I don’t normally give lavish praise and immediately regretted the lapse, for it unleashed a maelstrom of such frenzied prancing and barking that I feared F.O. would come floundering down the stairs and set about the pair of us. But he was evidently locked in his afternoon collapse, for nothing stirred and one was thus spared the usual swirl of smoke and oaths. Nevertheless, I spoke sternly to Bouncer and warned him that if he didn’t restrain himself he would be in line for a smart clip on the ear from Above.
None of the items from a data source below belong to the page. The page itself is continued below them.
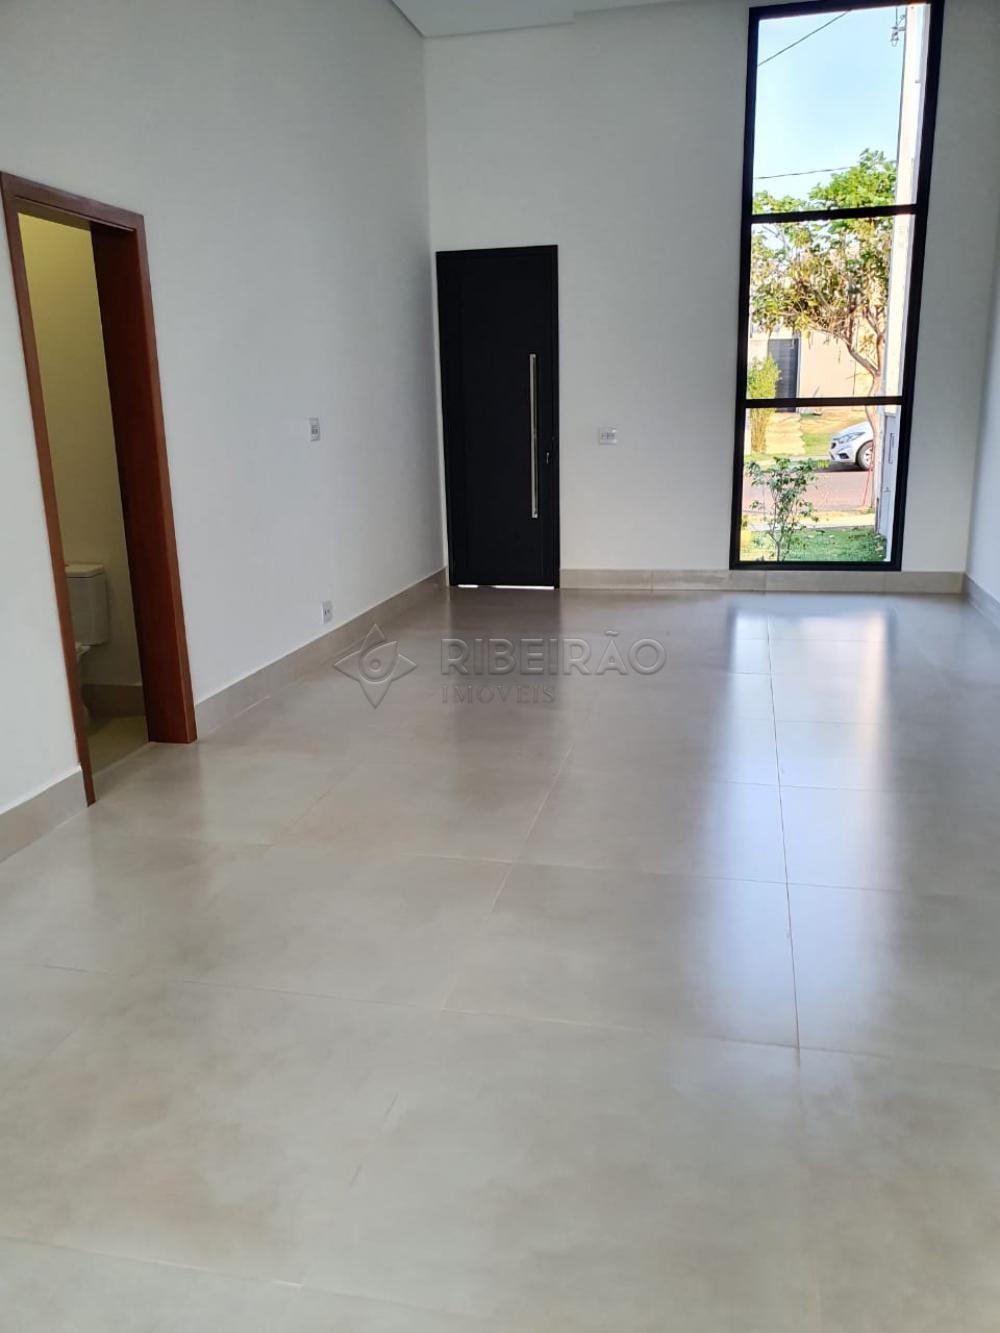 Comprar Casa / Condomínio em Ribeirão Preto R$ 930.000,00 - Foto 21
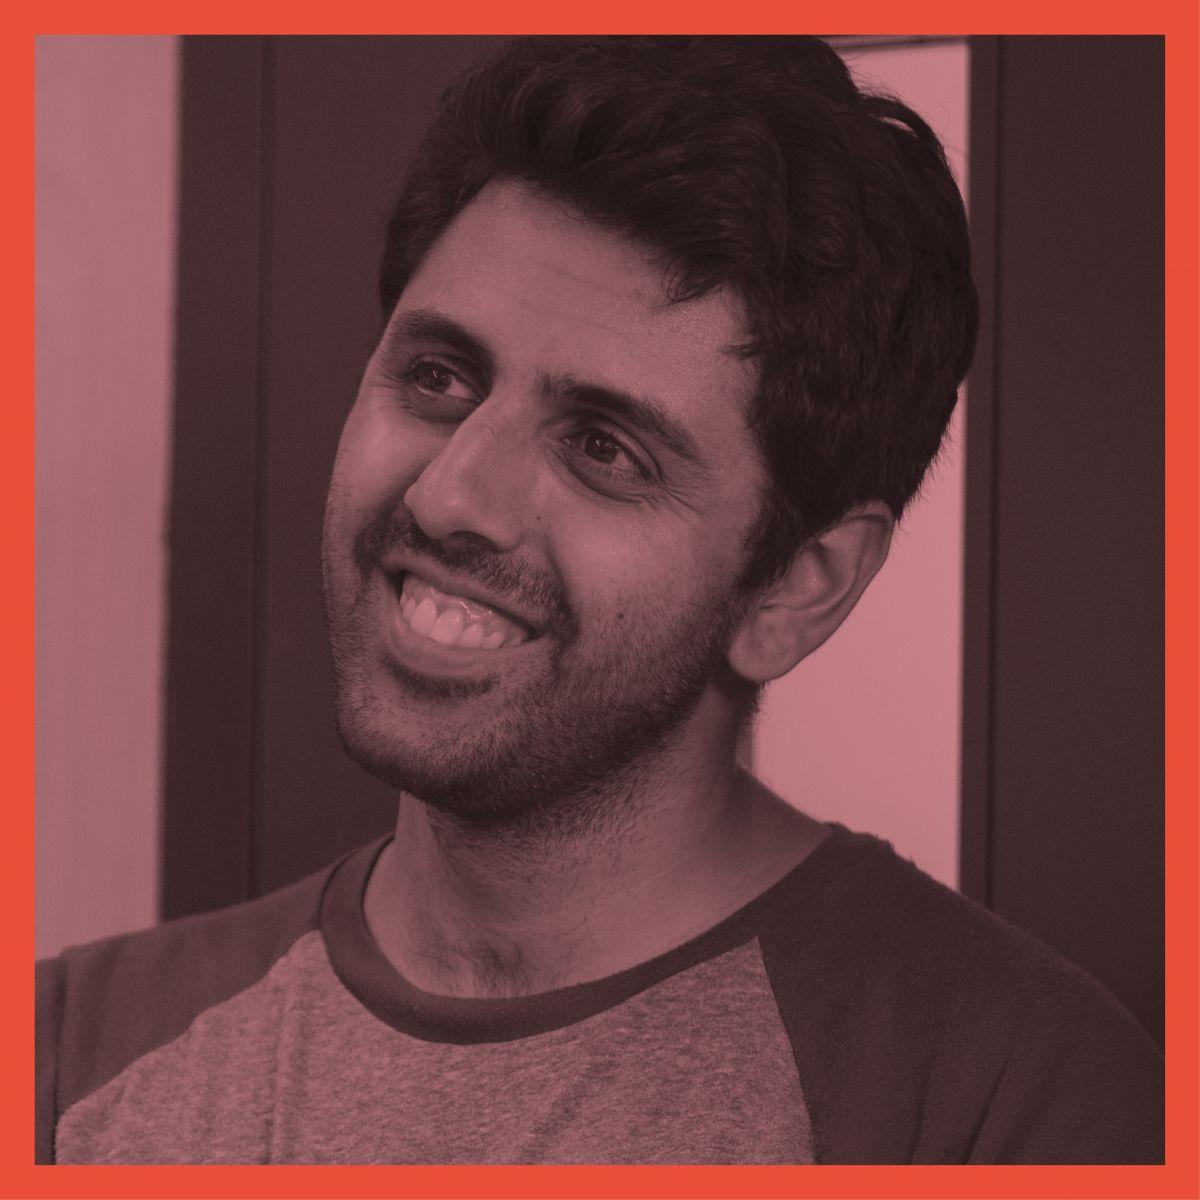 Episode 14: Vinay Patel
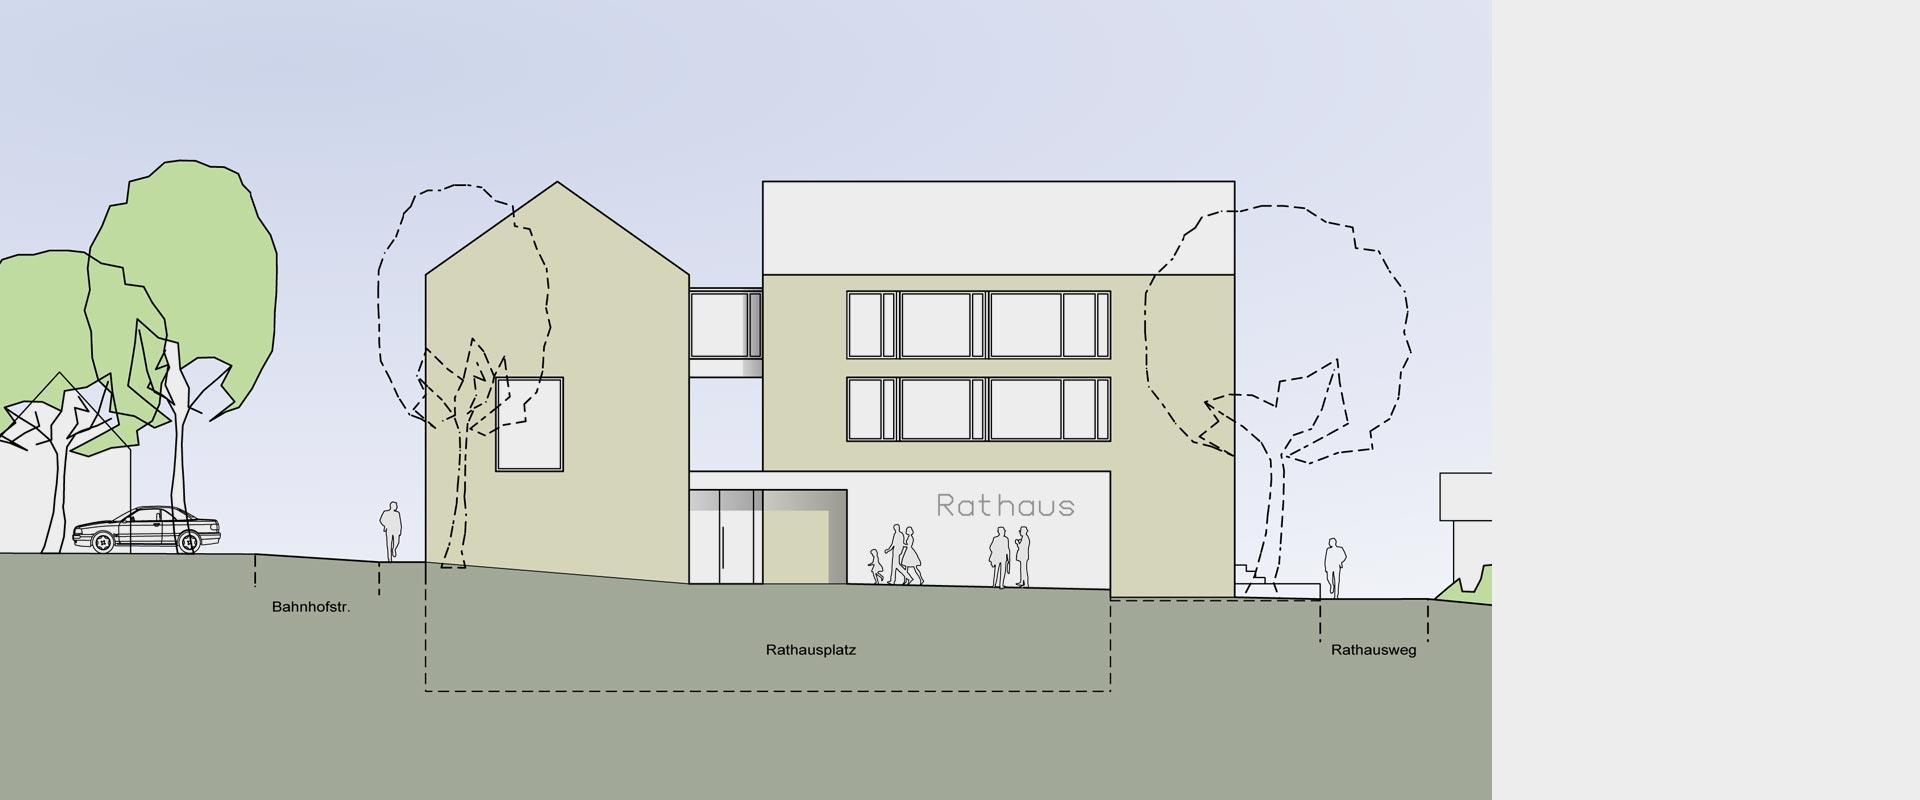 Architekturbüro musahl Waldshut Rathaus Dogern Ansicht Westen
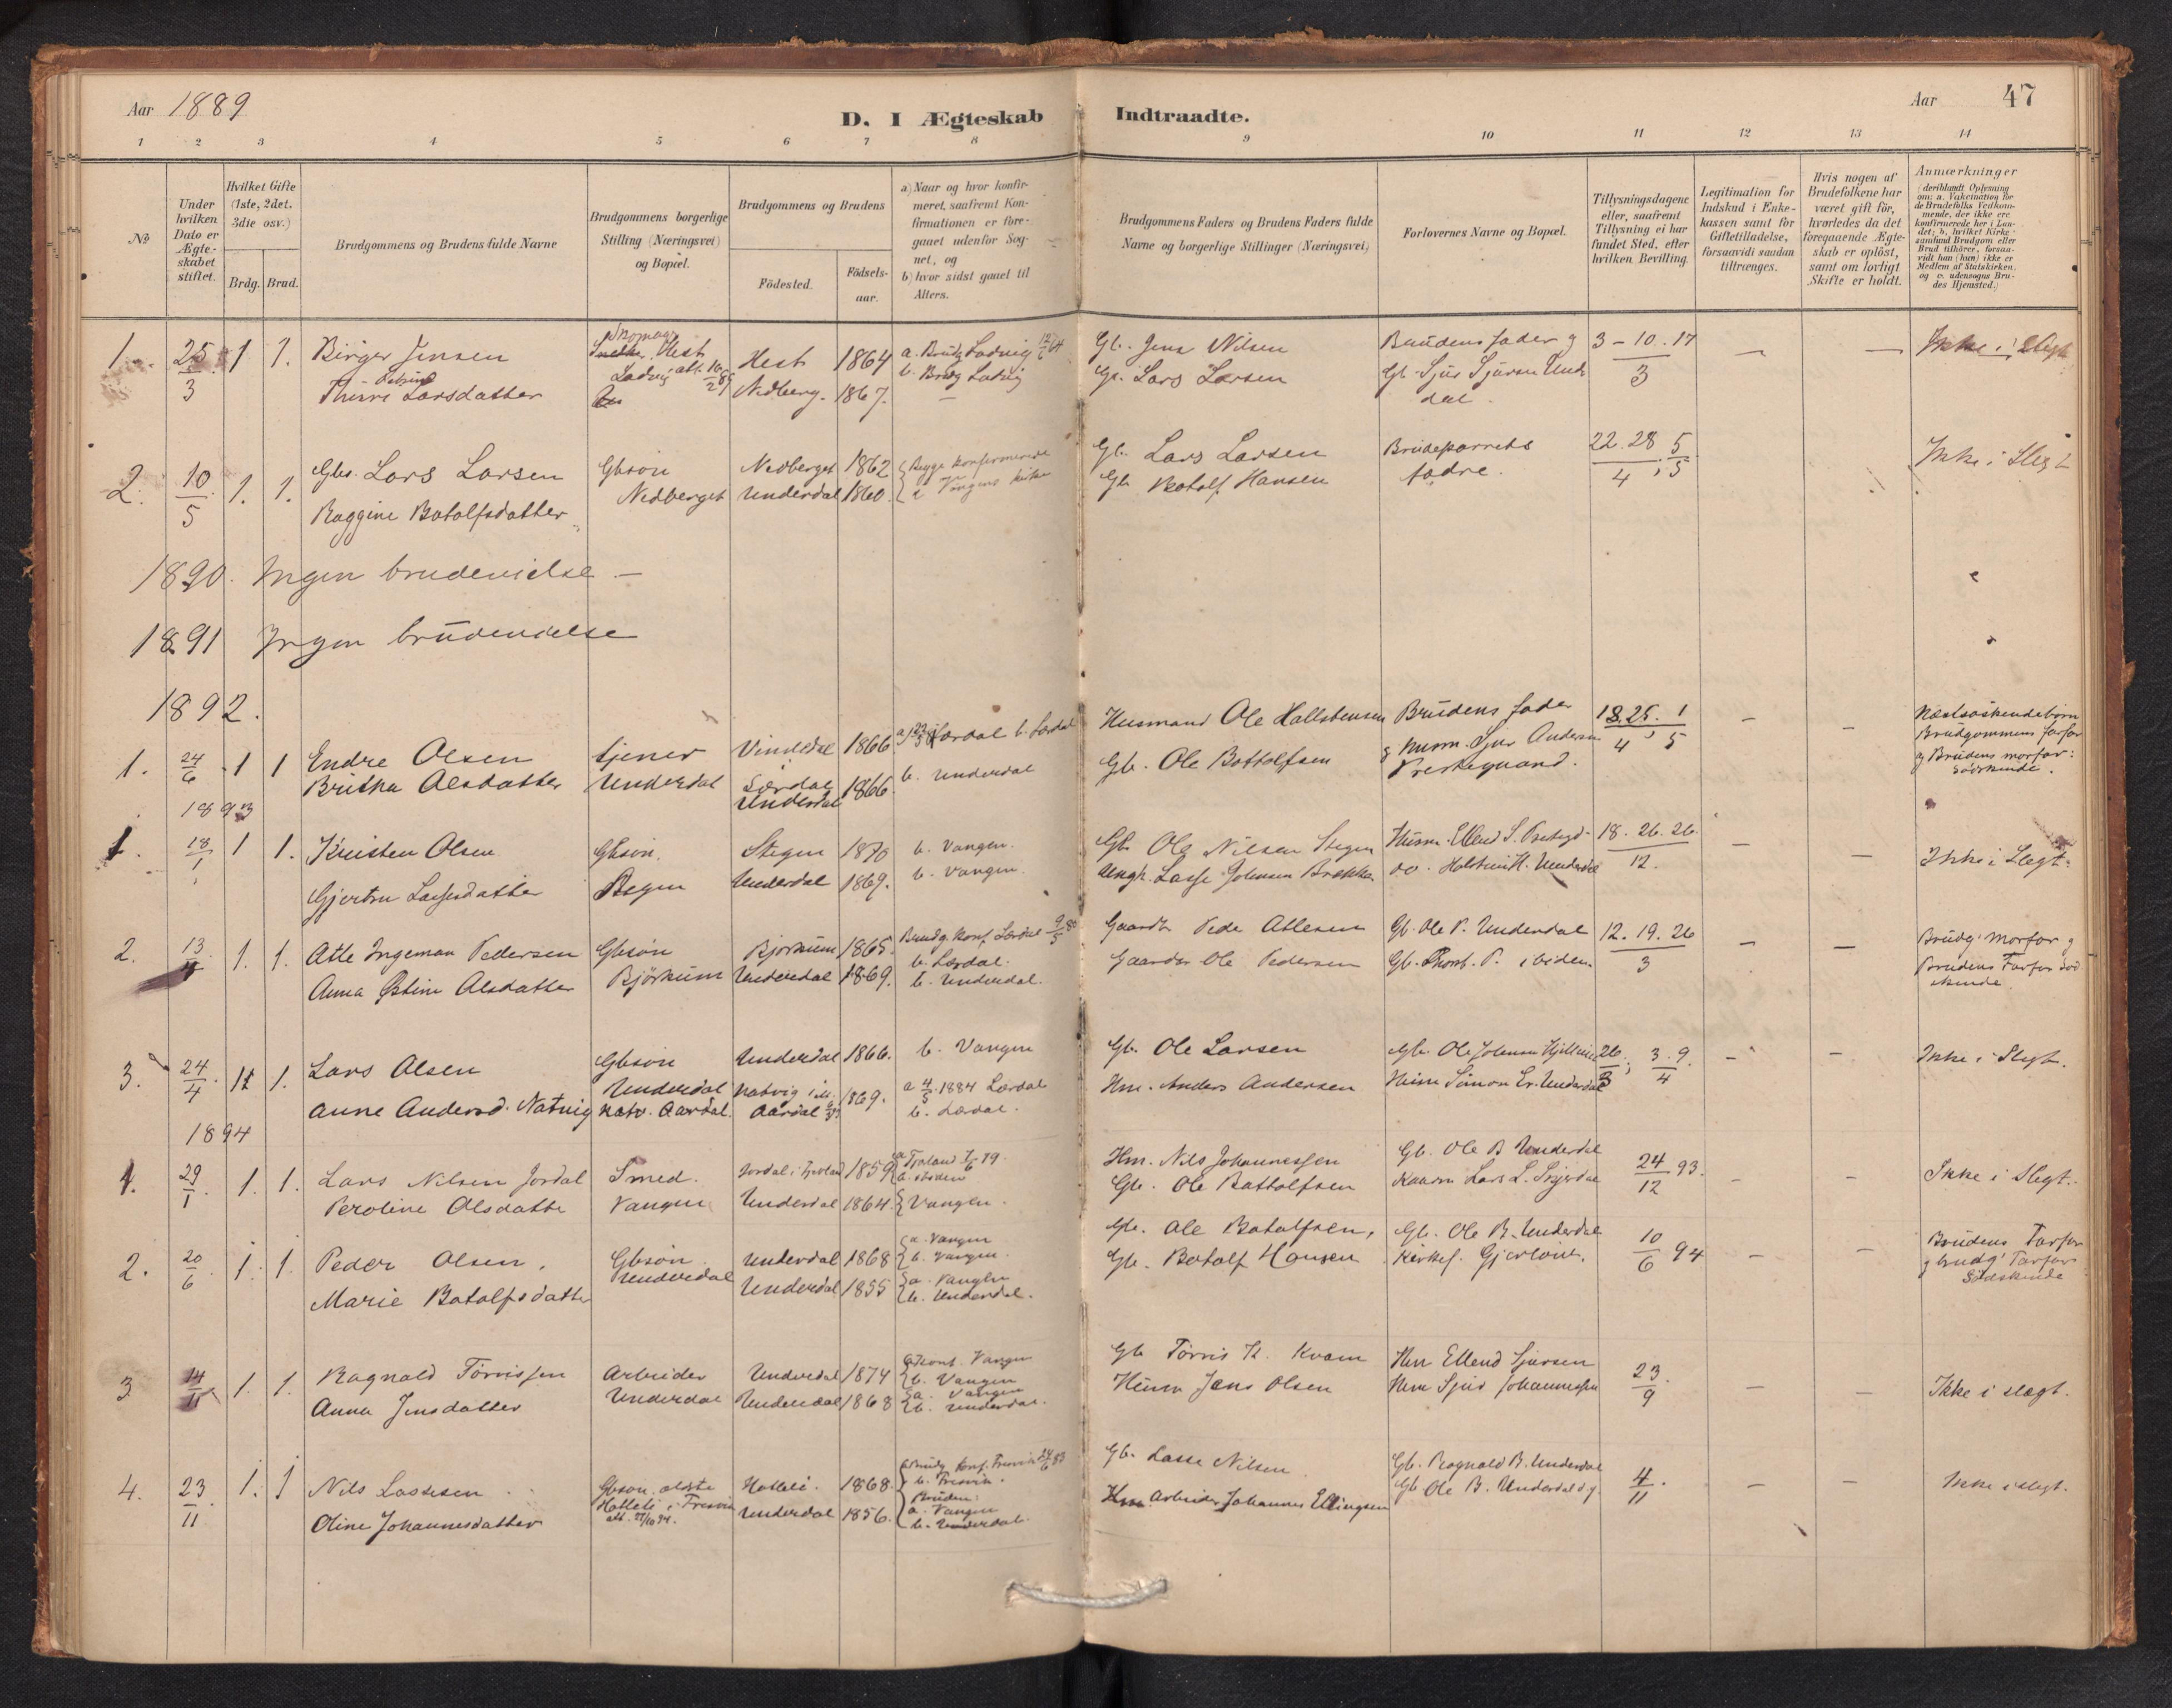 SAB, Aurland Sokneprestembete*, Ministerialbok nr. E 1, 1880-1907, s. 46b-47a
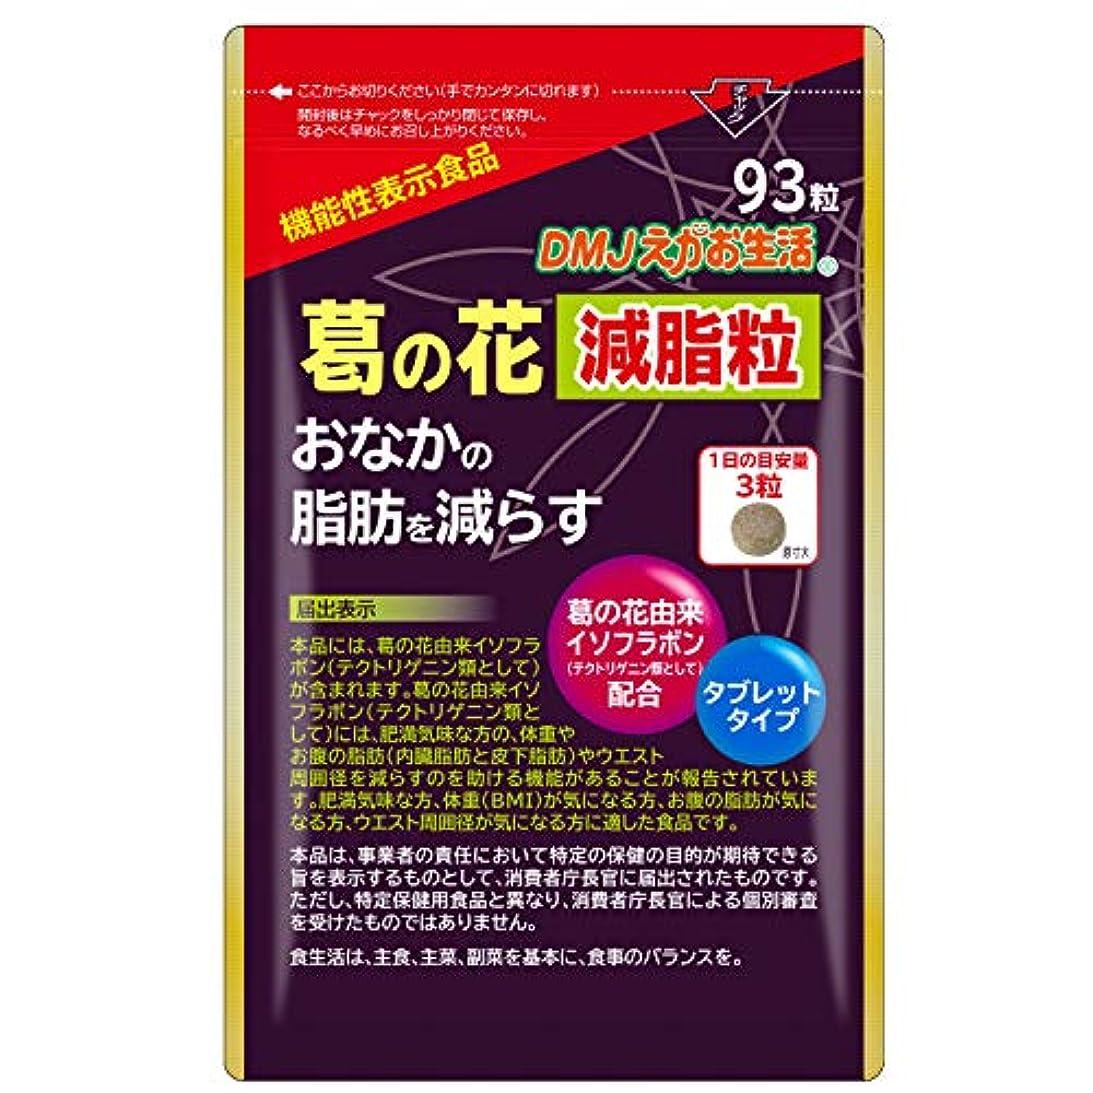 服を洗う温度骨折葛の花減脂粒 [体重ケア サプリメント/DMJえがお生活] 葛の花イソフラボン含有 内臓脂肪 (機能性表示食品) 肥満 日本製 31日分

‘No I shan’t,’ he snorted. ‘After that sermon he’s out for the count – won’t surface till drinks time. Bet you a Bonio!’

‘I have no intention of engaging in games of chance – least of all for one of your teeth-shattering biscuits,’ I replied, attempting to settle down to snooze. It was of course impossible.

‘I say!’ he exclaimed.

‘What?’

‘I wonder how many murderers can preach nice sermons? I mean, sermons that deliver the goods.’

‘What goods?’

‘Well, the goods that make you feel sort of hopeful and better. You know, like I feel when I hear the bells!’

‘Not those confounded church bells again!’ I groaned. The dog has a thing about bells. Says they churn him up inside – whatever that is supposed to mean. Fortunately I have never been thus affected. ‘I have no idea,’ I replied wearily, ‘… does it really matter?’

‘P’raps not. But then again p’raps it does!’

I sighed. ‘What
are
you talking about?’

‘Well, the point is that if F.O. did something bad when he got rid of Fotherington – which I suppose he did, because of all the fuss and the way the cops kept nosing about, and the danger of him being caught and going to prison or being HUNG – then how is he doing good to people in church and making them feel alive and sort of strong?’

‘Certainly doesn’t make
me
feel strong,’ I murmured sleepily. ‘In fact there are times when he’s in one of his panics that I feel distinctly fragile and debilitated …’

‘Ah yes,’ replied Bouncer affably, ‘but then you’re only a cat.’

‘I
beg
your pardon!’

‘Maybe I’ll have a word with O’Shaughnessy – see what he thinks.’

‘You will do nothing of the kind!’ I cried, now thoroughly awake. ‘On no account are you to discuss the Fotherington issue with that madcap setter. He may have helped us dispose of the evidence last year but he didn’t know the crucial details of the case – and nor shall he! This is something we must keep strictly to ourselves.
Careless talk costs lives
. Just remember that!’ And I fixed him with one of my more fearsome glares.

The dog does not often look abashed but he did then, and said meekly, ‘You mean if I let the cat out of the bag there won’t be any more Bonios and haddock.’

‘Precisely, Bouncer. And kindly moderate your metaphors!’

‘What?’

‘Your metaphors, kindly adjust … oh never mind.’ I was in no mood to instruct him in the niceties of semantic tact. And gathering my woollen mouse, I hastened from the room to view the sparrows on the terrace.